• GOAL OF THE EXERCISE: Range to repeat from the listing below: the line containing "David Tepper’s Appaloosa" down to the line containing "Blackburn Rovers 1-1", both included. Copy it exactly, pictures excluded, and add nothing else.

• RECORDS PROVIDED:
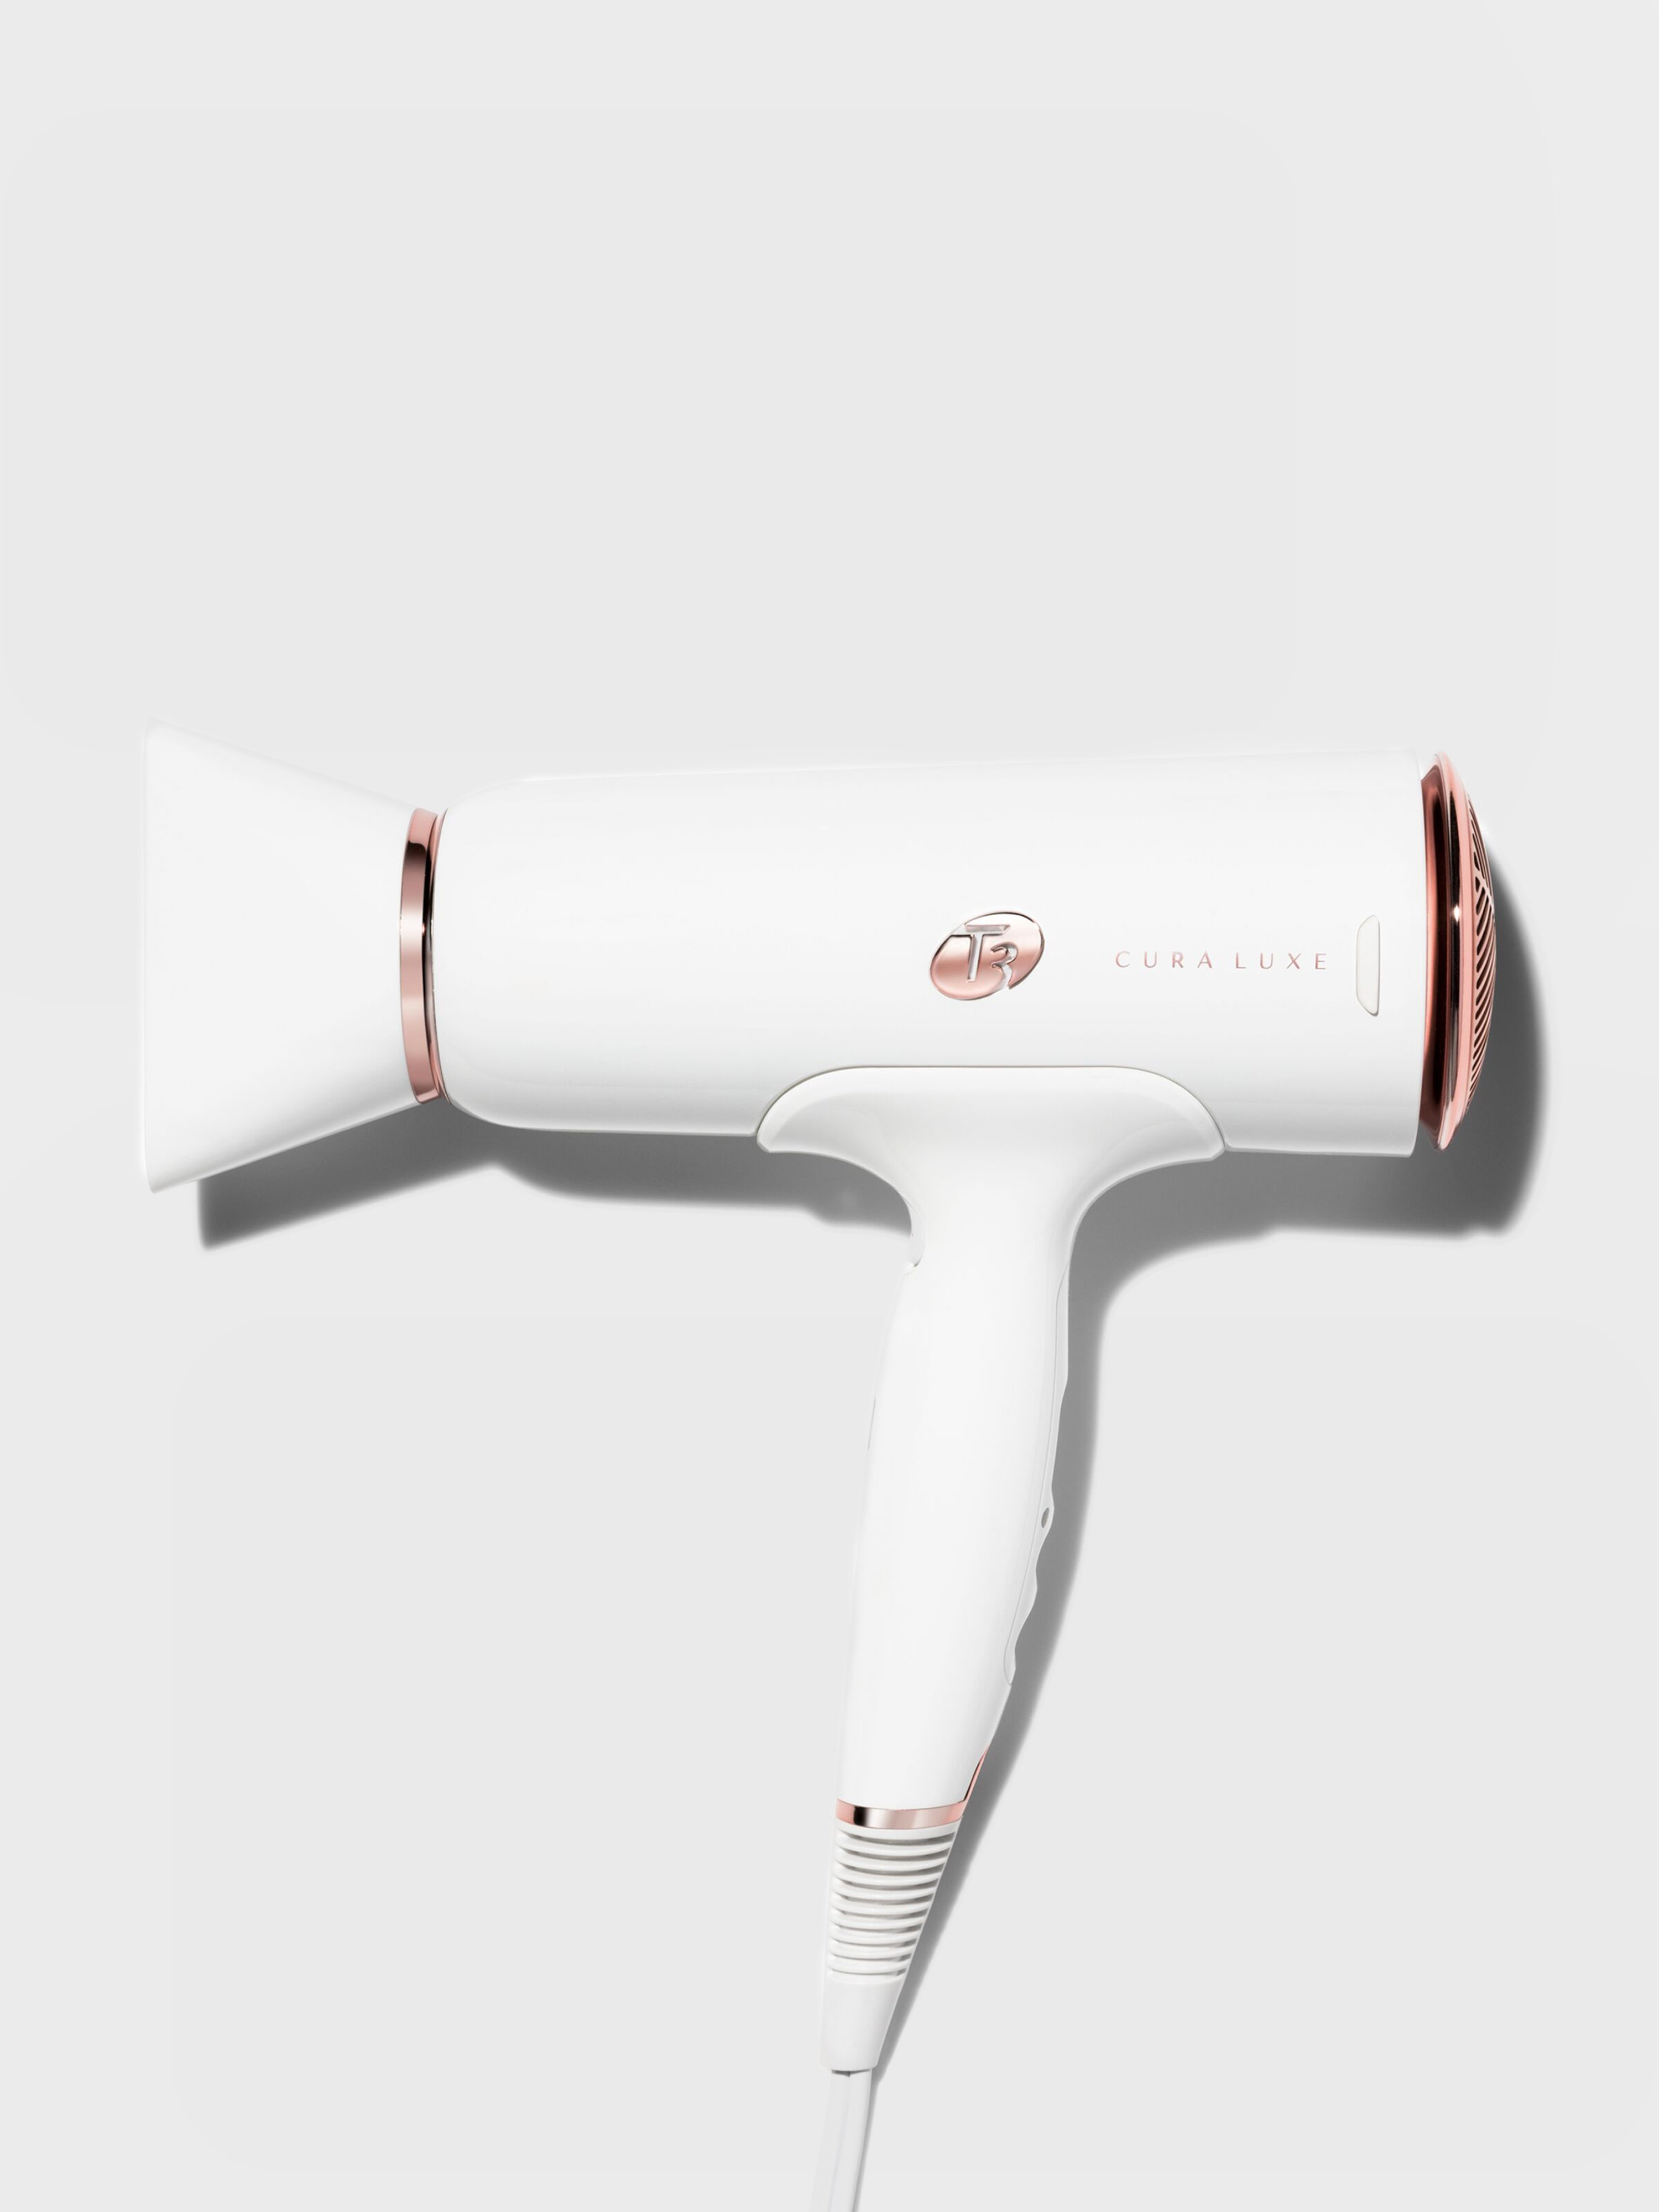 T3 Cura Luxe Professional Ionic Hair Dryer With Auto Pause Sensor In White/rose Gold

==

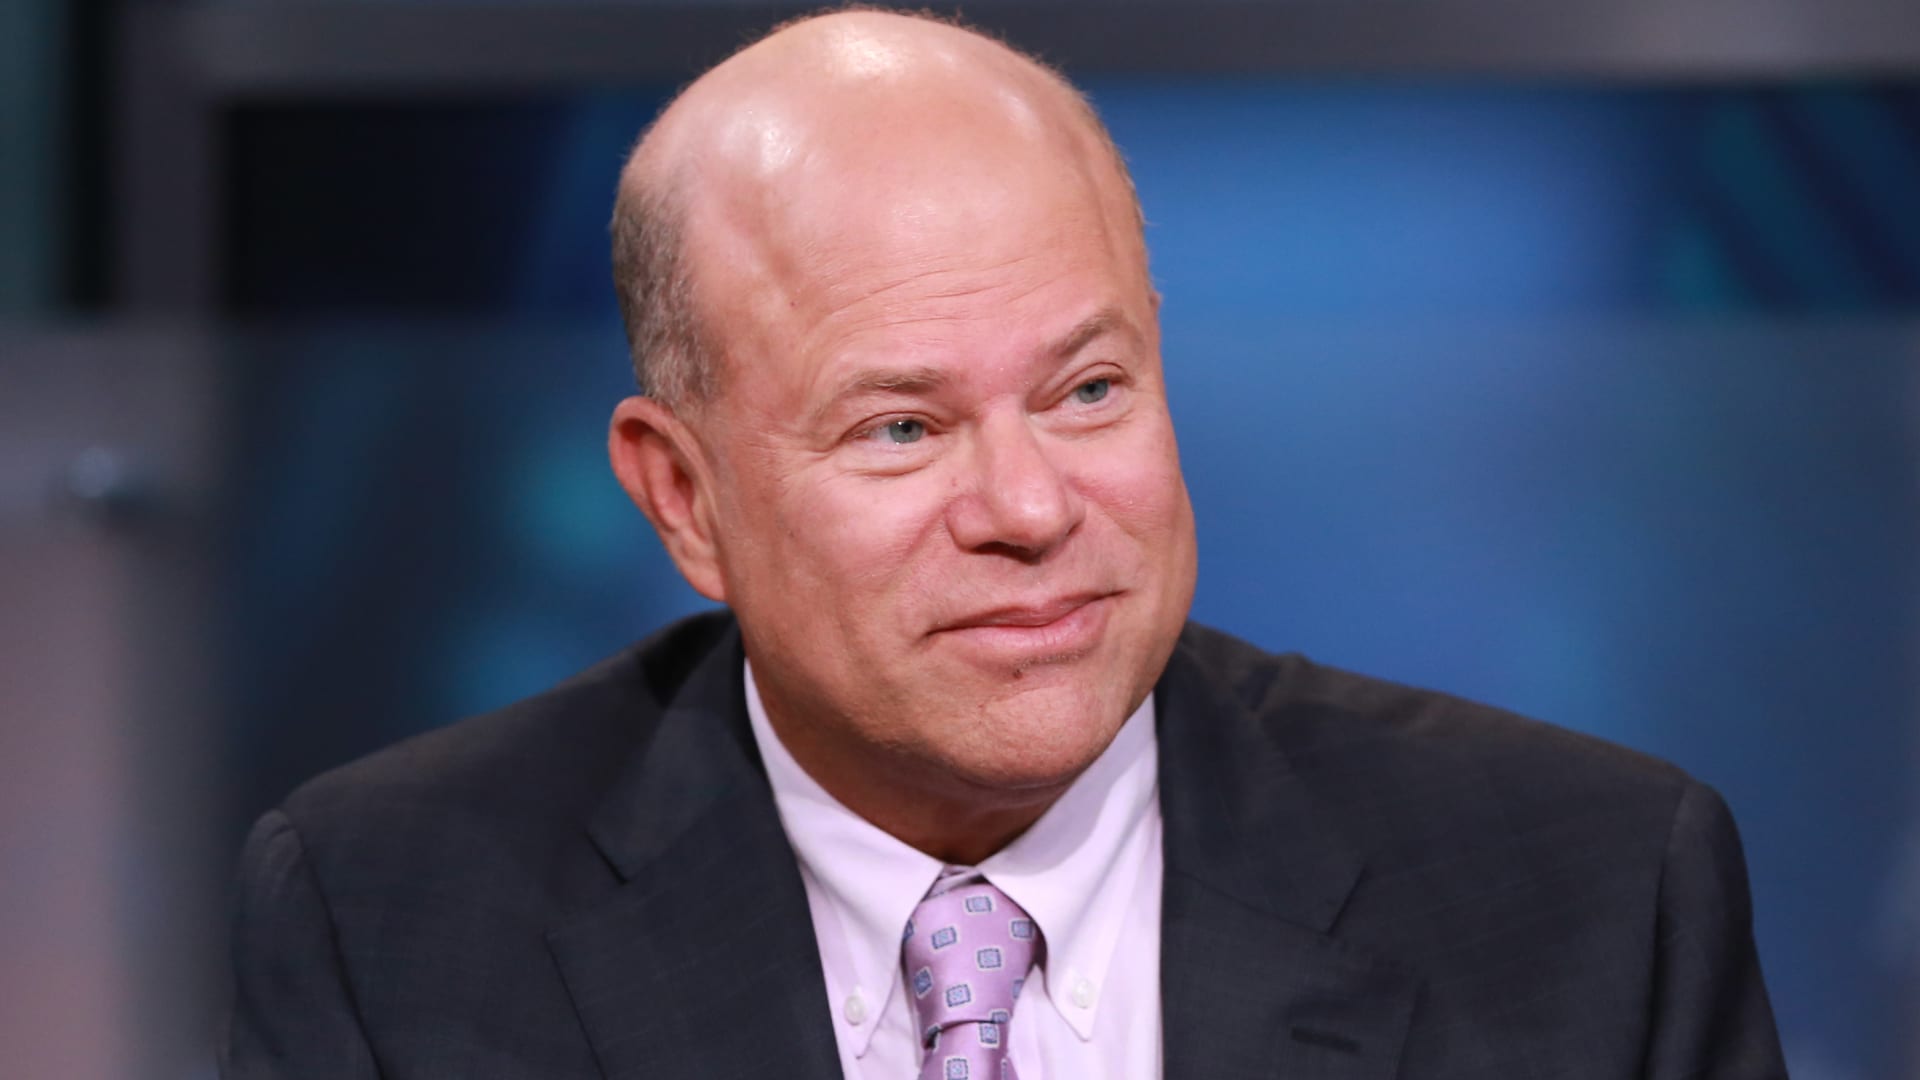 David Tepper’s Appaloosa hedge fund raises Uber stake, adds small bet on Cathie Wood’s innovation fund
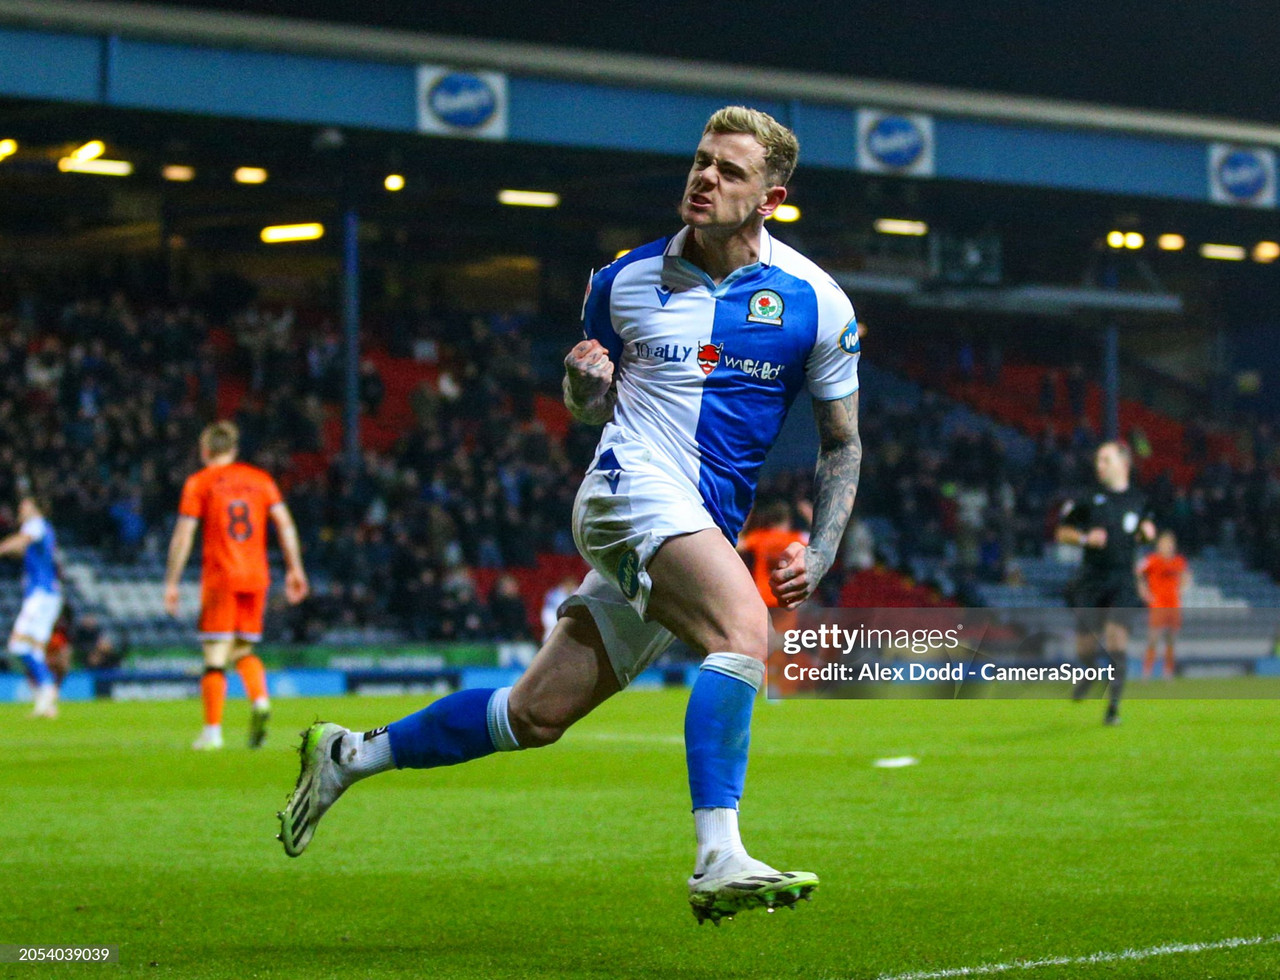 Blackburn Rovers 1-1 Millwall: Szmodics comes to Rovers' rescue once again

• ANSWER SPACE:
 David Tepper’s Appaloosa hedge fund raises Uber stake, adds small bet on Cathie Wood’s innovation fund
 Blackburn Rovers 1-1 Millwall: Szmodics comes to Rovers' rescue once again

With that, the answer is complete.